SUCROSE CONCENTRATION THROUGH
POLARIMETRY
A polarimeter passes polarized light through an optically active solution and measures the degree to which light is rotated by the solute molecules. Figure 1 shows how non-polarized light is transmitted through a fixed disc with very thin slits in it. The light passing through the disc is now polarized because only light of one orientation can travel through the slits. As polarized light passes through the solution, the plane in which the light oscillates is rotated a unique amount depending on the identity of the solute. A second polarizer is attached to the analyzer wheel. Light passed through the second polarizer reaches a detector and is reported as light intensity.

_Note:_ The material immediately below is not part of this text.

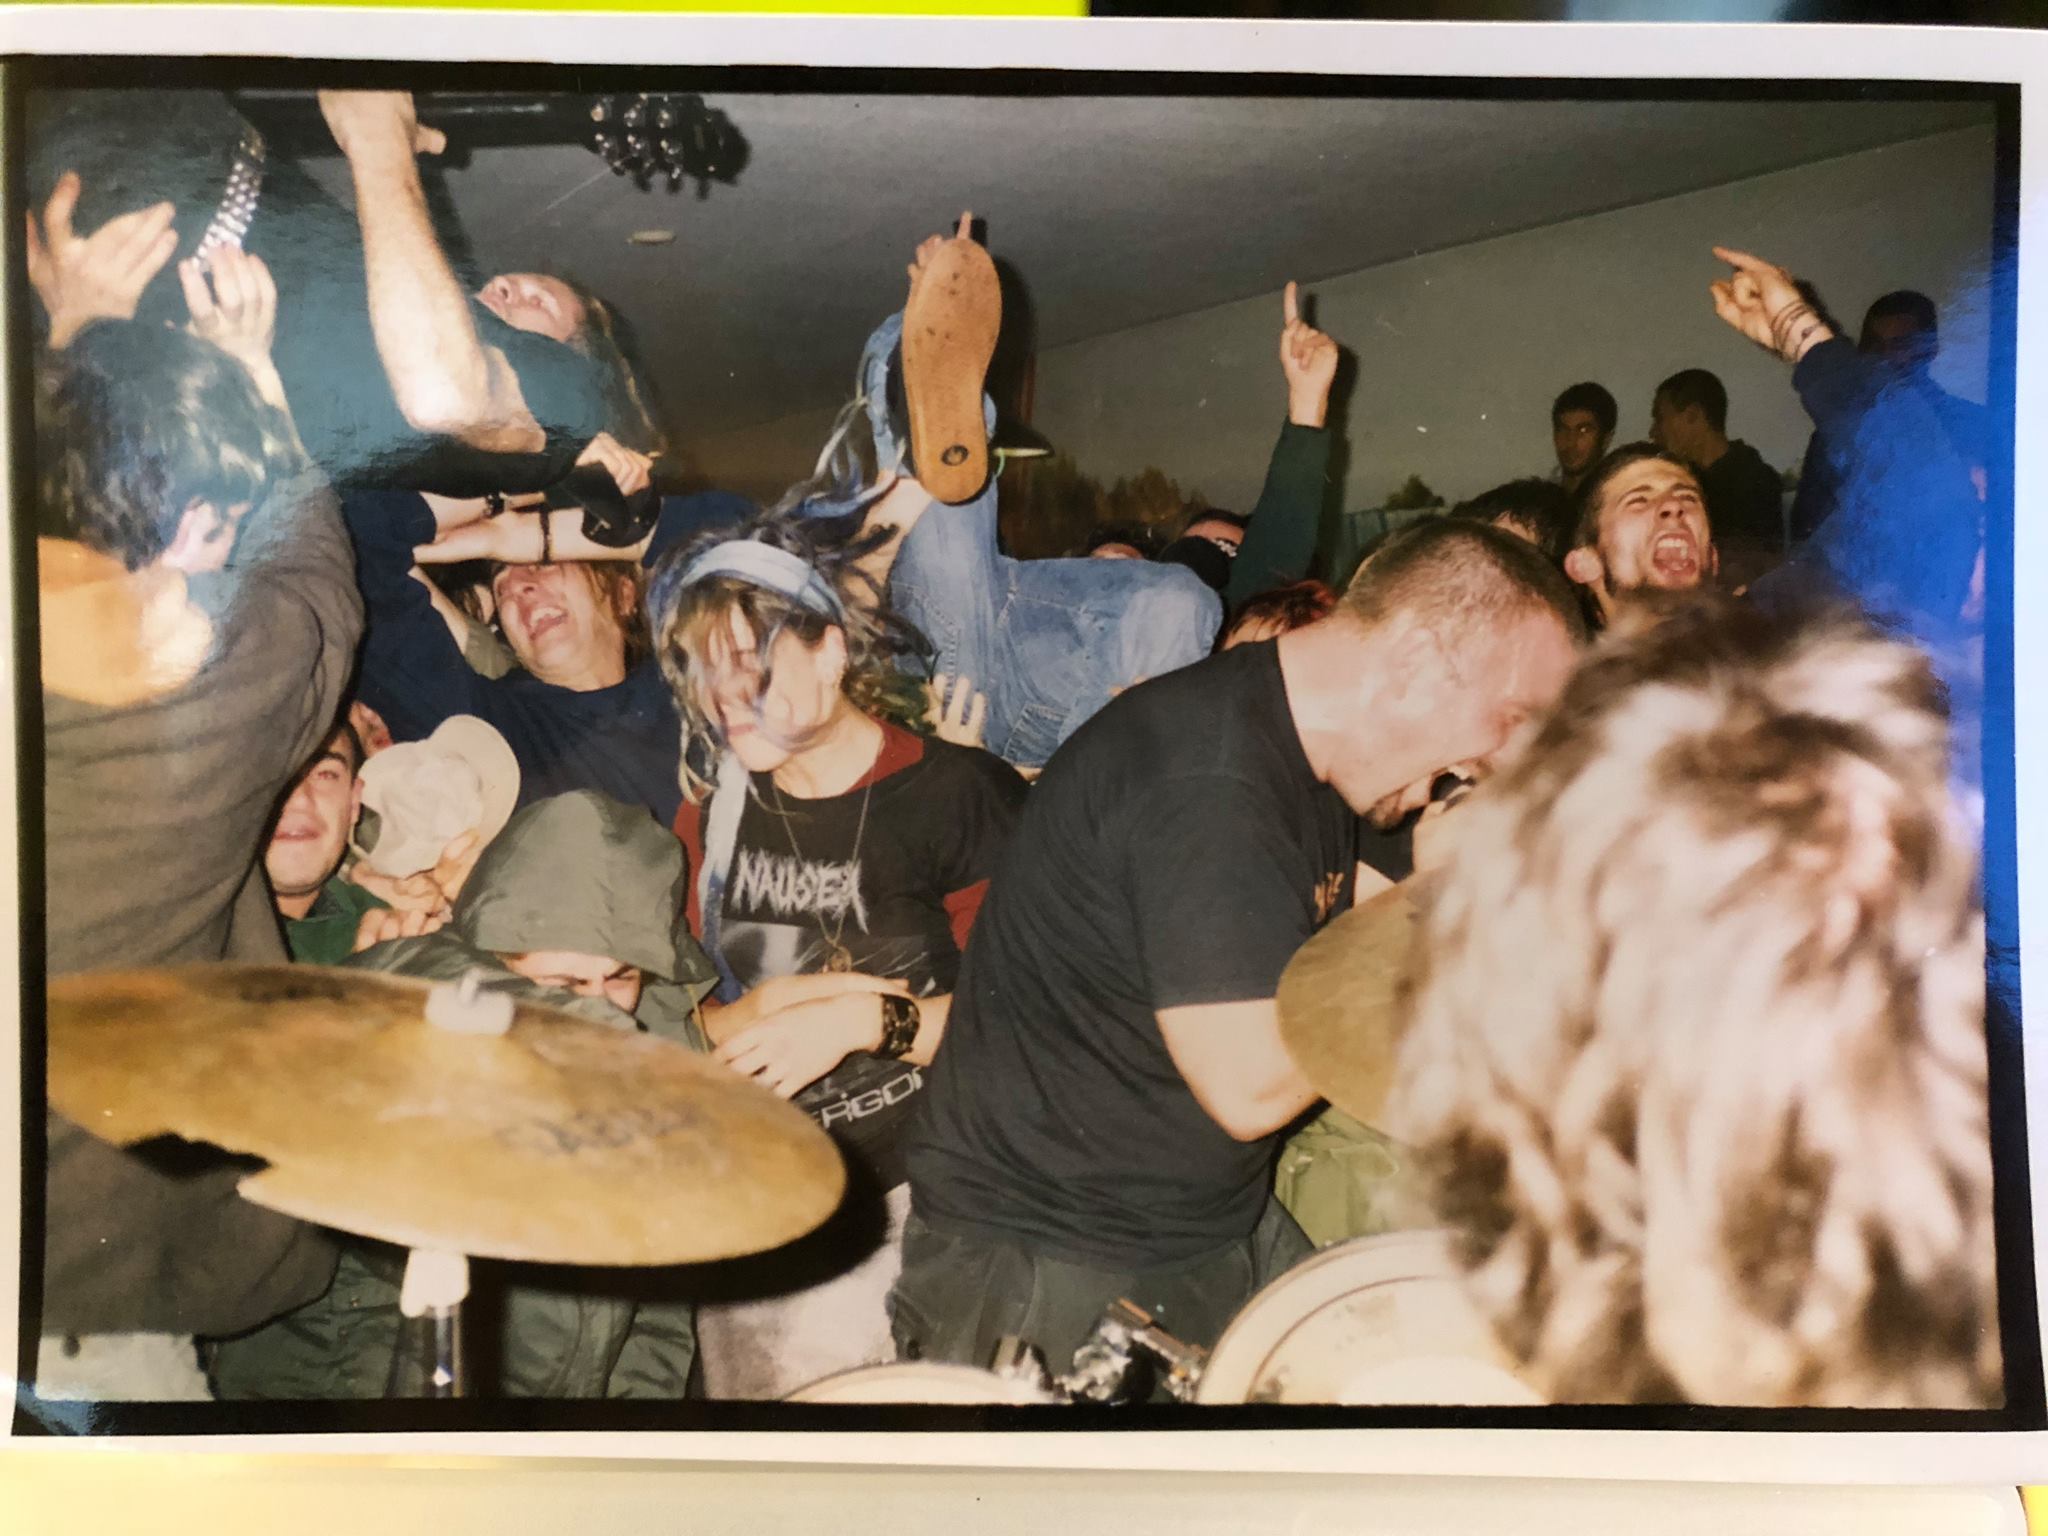 DROPDEAD live - Libourne France tour 1998

When the user rotates the wheel, the light intensity changes at each polarizer position. Light intensity reaches a maximum when the optical rotation of the outgoing plane-polarized light matches the orientation of the slits on the analyzer disc.
Figure 1. How polarized light travels through a solution in a polarimeter
The specific rotation ([α]) is the angle that an optically active solution rotates polarized light as it travels through the sample. Sucrose, glucose, and fructose are optically active molecules. These enantiomers lack symmetry and have non-superimposable mirror images of themselves. At 20 °C, [α] is 66.47° for sucrose, 52.7° for glucose, and -92.0° for fructose. Dextrorotatory enantiomers rotate the plane of polarized light clockwise at a positive angle as seen by the detector. Levorotatory enantiomers rotate the plane of polarized light counterclockwise at a negative angle. Polarimetry is used routinely in quality and process control in the pharmaceutical industry, the flavor, fragrance/ essential oil industry, and the food industry. Many organic chemical manufacturing industries also rely on polarimetry to determine product purity. The optical purity of a product can be determined by comparing known specific rotation values with the measured specific rotation of compounds like amino acids, antibiotics, steroids, vitamins, lemon oil, sugars, and polymers.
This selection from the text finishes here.